WHAT TO WORK ON
Copy out the data exactly, leaving the pictures behind.

==== GIVEN DATA ====

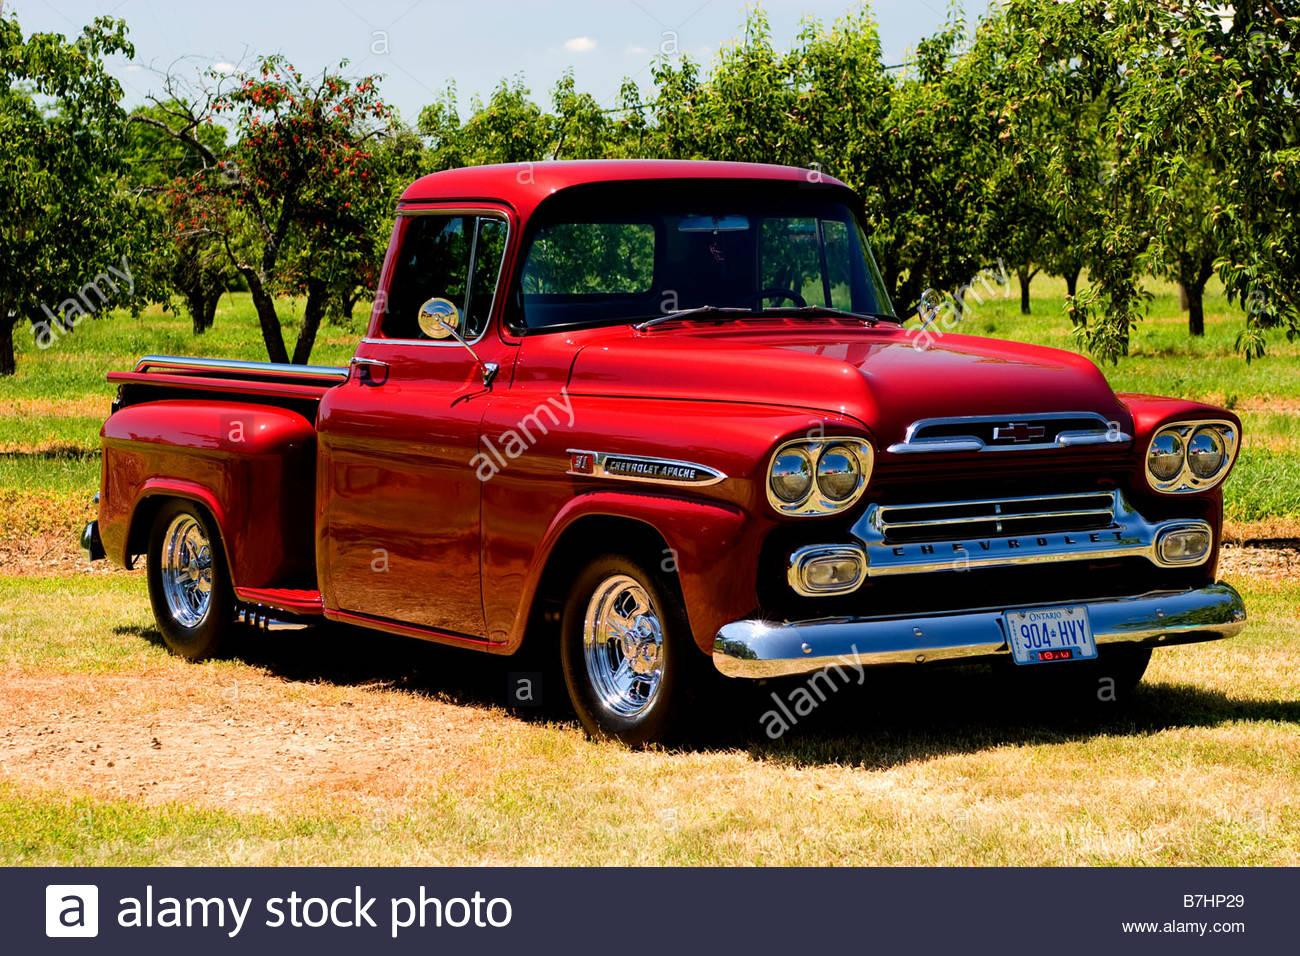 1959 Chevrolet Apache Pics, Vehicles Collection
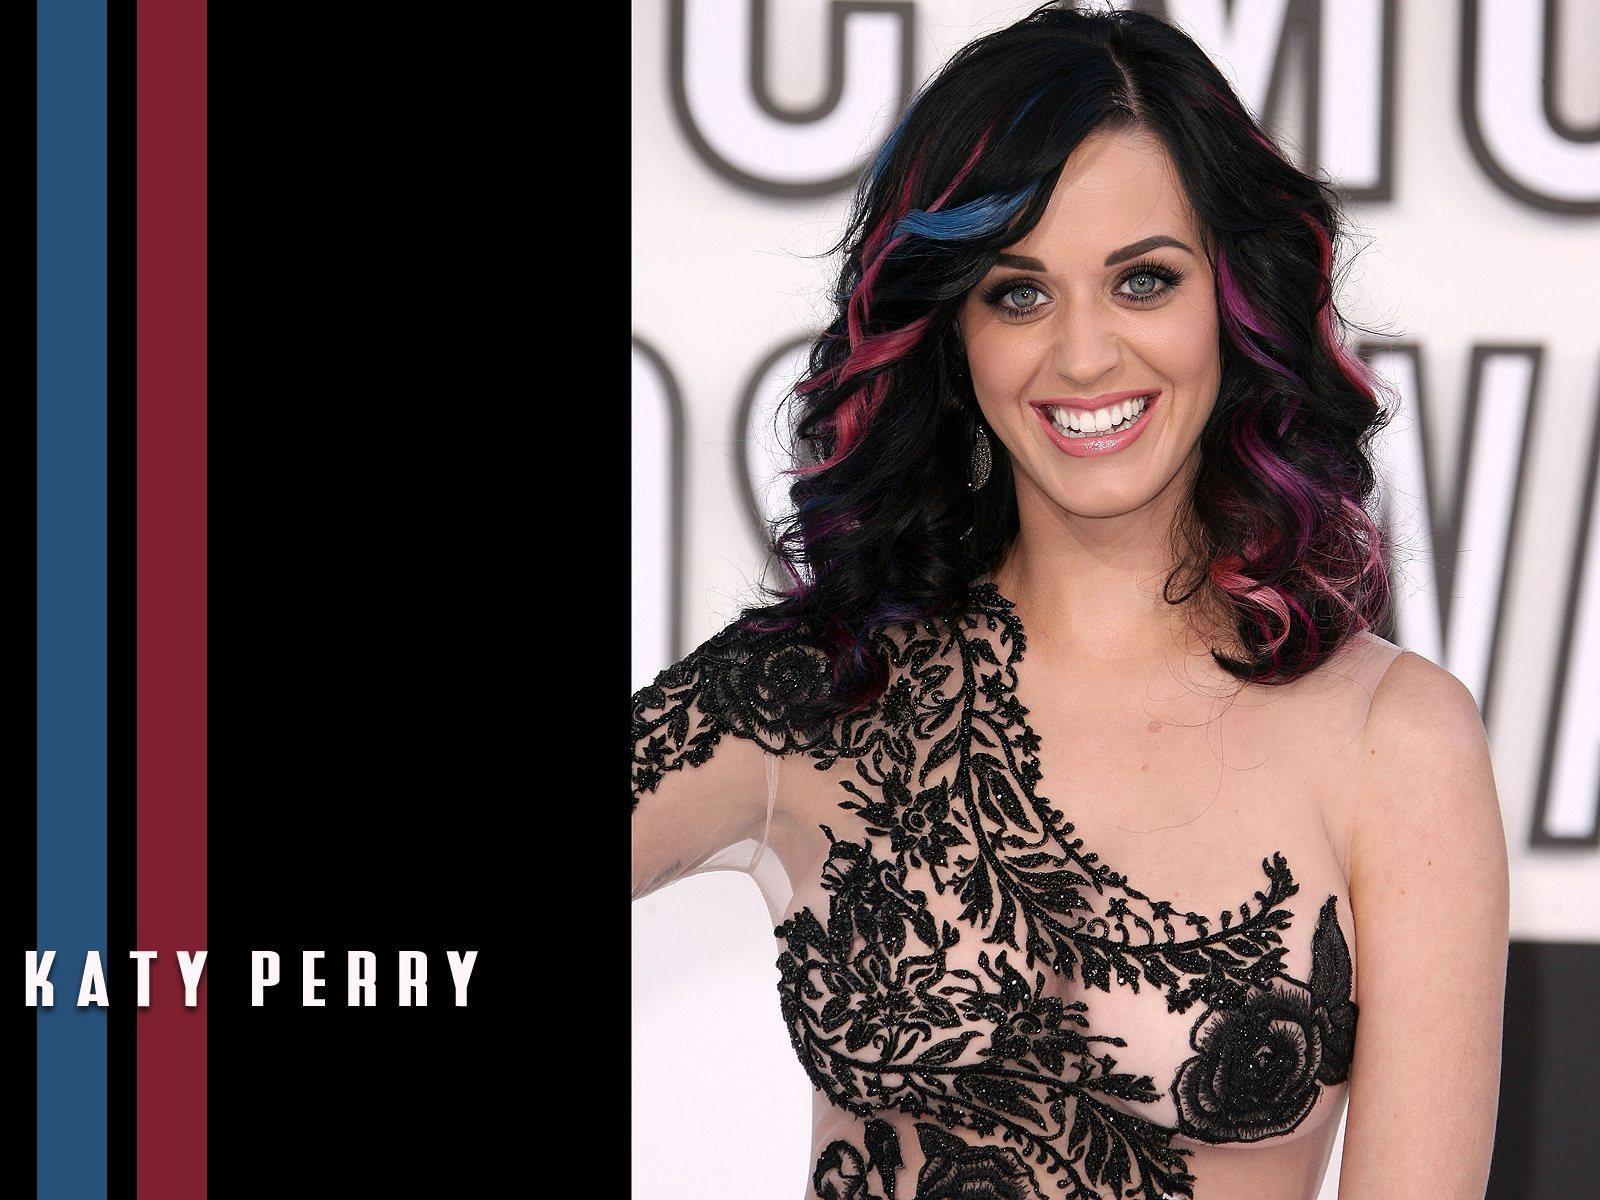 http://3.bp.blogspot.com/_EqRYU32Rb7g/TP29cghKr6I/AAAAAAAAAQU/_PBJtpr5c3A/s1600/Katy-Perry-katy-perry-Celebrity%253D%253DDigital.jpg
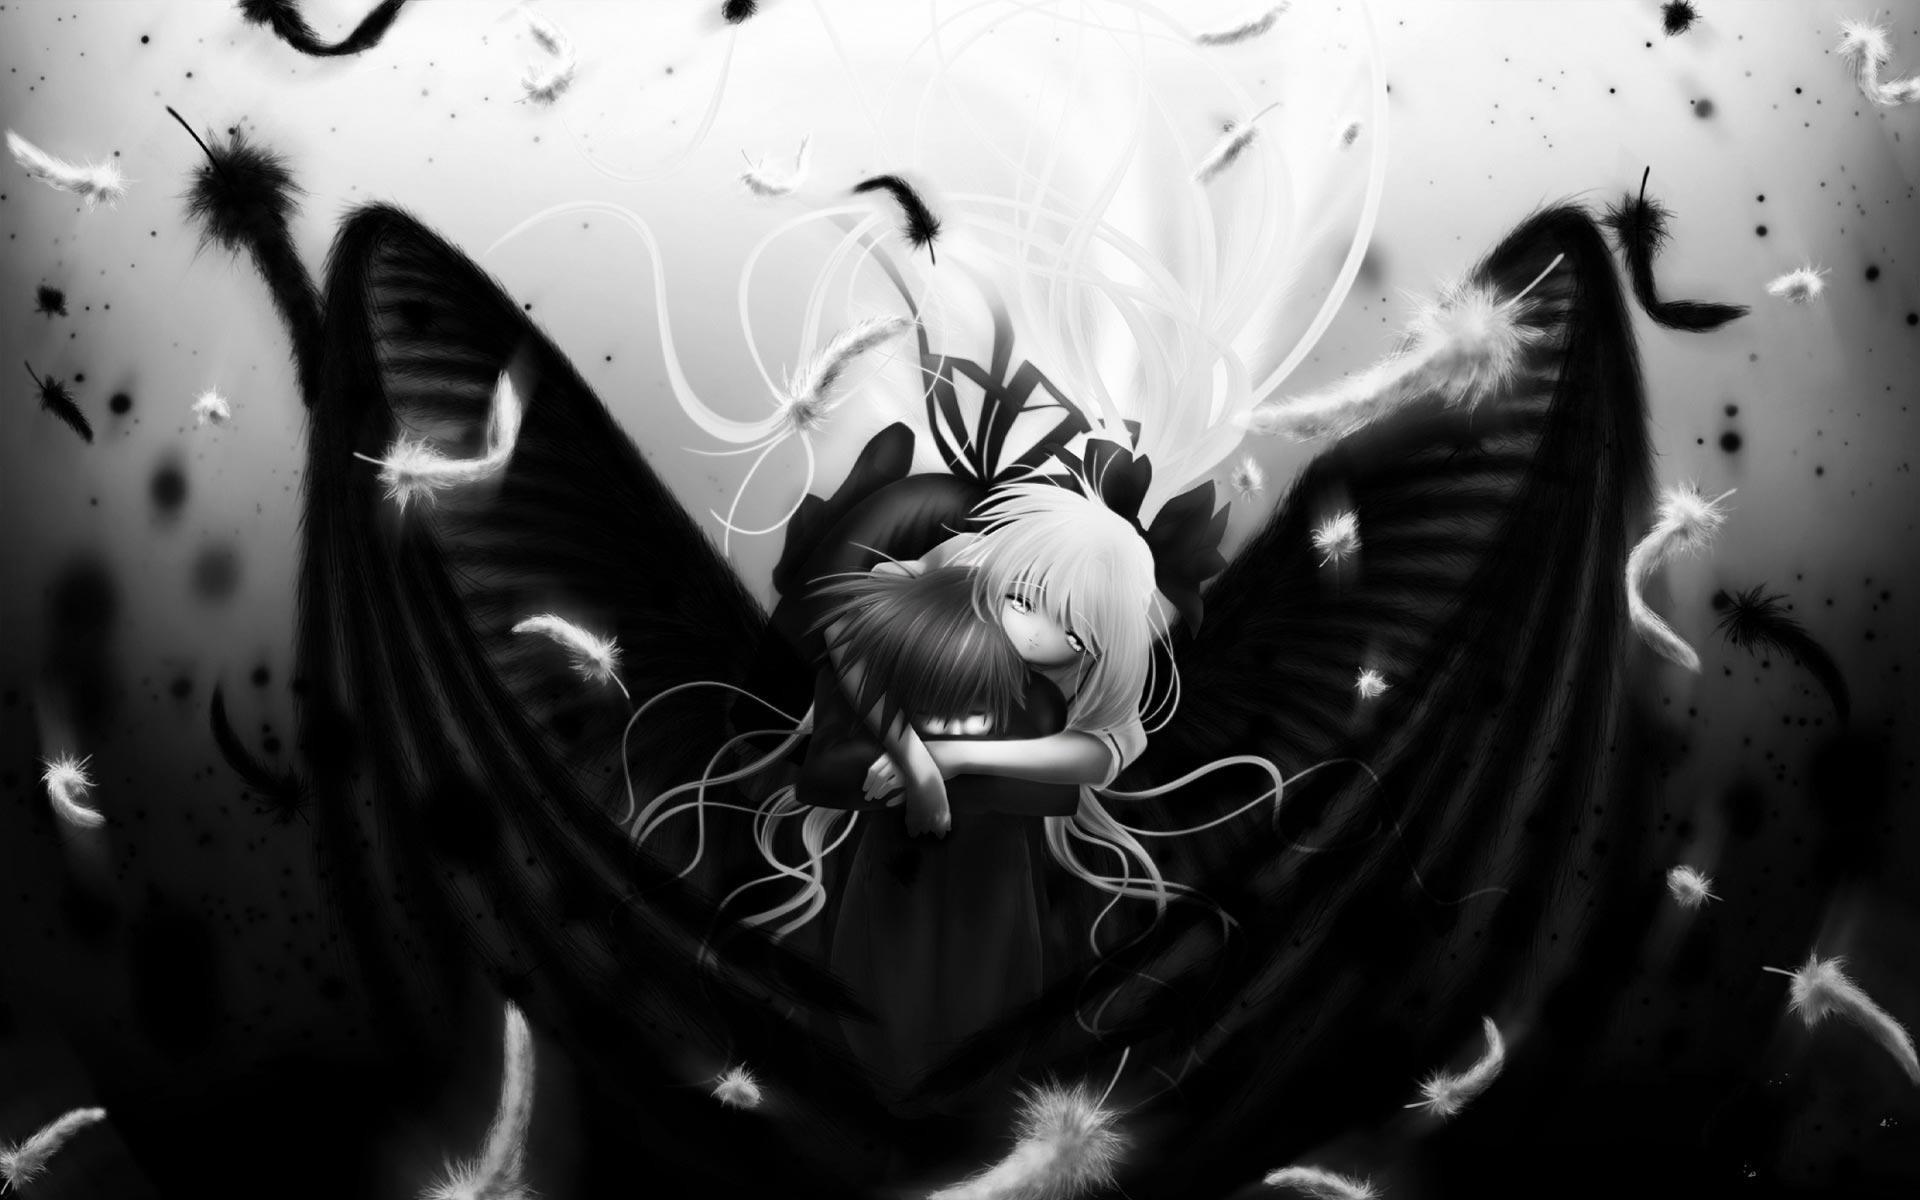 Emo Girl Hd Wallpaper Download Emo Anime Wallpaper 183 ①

====

WRITTEN SOLUTION
 1959 Chevrolet Apache Pics, Vehicles Collection
 http://3.bp.blogspot.com/_EqRYU32Rb7g/TP29cghKr6I/AAAAAAAAAQU/_PBJtpr5c3A/s1600/Katy-Perry-katy-perry-Celebrity%253D%253DDigital.jpg
 Emo Girl Hd Wallpaper Download Emo Anime Wallpaper 183 ①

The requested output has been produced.